AI apps/benchmark for legaltech
DEMO with huggingface, Jina and European Court of Justice judgmentsThis site contains 113 judgments of the European Court of Justice
from 2019 and 2020 concerning tax issues.
All sentences from judgments have been encoded via BERT model
(bert-base-uncased
provided by
Huggingface's
transformers
library), an example
of a very powerful NLP model that has conquered AI applications.
The infrastructure of the search experience is based on
Jina - a wonderful scalable library to design neural search engines,
based on the newest Deep Learning strategies.

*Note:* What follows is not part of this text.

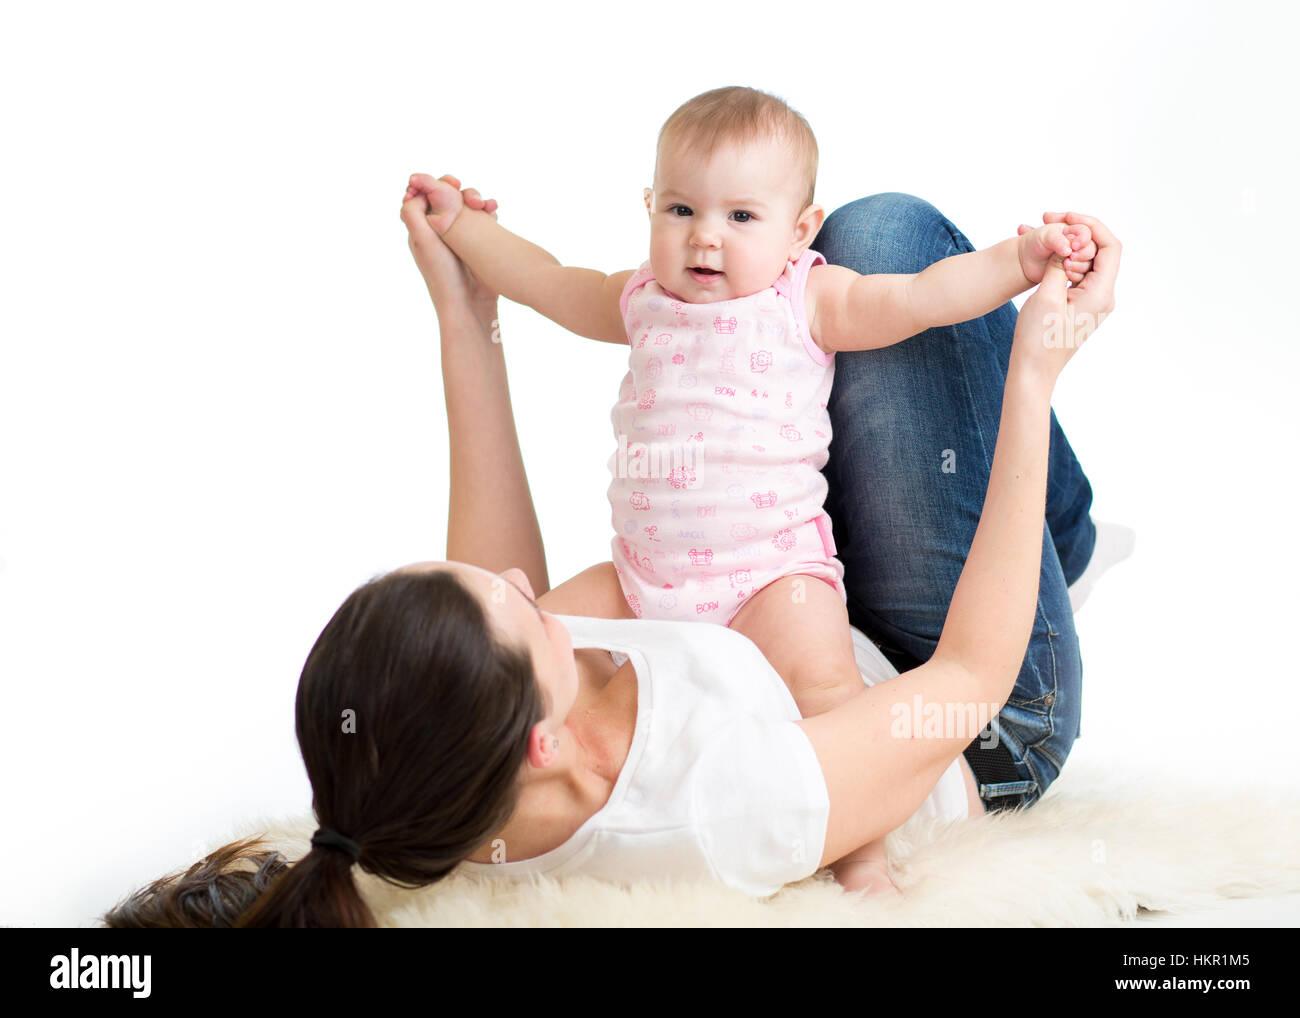 Mother and baby gymnastics, yoga exercises - Stock Image

The entire concept - as well as Jina and Huggingface - has a great future in legal tech, because lawyers
need to use a lot of documents, and searching among them is highly challenging...
How does it work?
- Write a phrase / sentence
- Click Enter
- You get the most similar sentence (the lower the score, the better)
Enjoy!...
... and be aware that this is a playground. Sometimes BERT doesn't give proper hits,
but sometimes analogies are pretty impressive, like:
QUERY: that complaint was rejected
RESULTS:
- That request was rejected.
- Its application was rejected, as was the objection that it subsequently lodged.
- That request was rejected.
- That is unfair and unlawful.
- That argument cannot be accepted.
I am aiming to test other approaches (like other transformer architectures), and fine-tune it, in order to prepare an ultimate benchmark of AI solutions for legaltech, so stay tuned and follow me at LinkedIn, Twitter and on my blog at inteliLex.
If you would like to test it on more documents and play with the code,
please clone this
git repository and contribute to it.
Feel free to contact me: artur.tanona@gmail.com.
Below please find how to launch it on Ubuntu. If you are working on (for example) Windows 10 you need to have a Docker engine running and you can skip to the last part "Run on Docker"
Upload documents in *.txt
format to search_engine/data
and frontendApp/src/assets
.
export JINA_PORT=56798
export JINA_PARALLEL=1
export JINA_SHARDS=1
export CLIENT_PORT=80
export JINA_WORKSPACE=test_index
export JINA_MAX_DOCS=100
export JINA_PORT=65481
And put them in the .env/.env
file:
JINA_PORT=56798
JINA_PARALLEL=1
JINA_SHARDS=1
CLIENT_PORT=80
JINA_WORKSPACE=test_index
JINA_MAX_DOCS=100
JINA_PORT=65481
Create virtual environment and source it. Then, in the search_engine
directory:
cd search_engine
pip install -r requirements.txt
python app.py -t index
cd ..
sudo docker-compose up
(If you are in Google Cloud, please, update environment.prod.ts file with your host and add firewall rules)
And you can open the website on http://localhost:4200
Demo does not include PolTaxBERT and StateAid Bert - they will be included soon.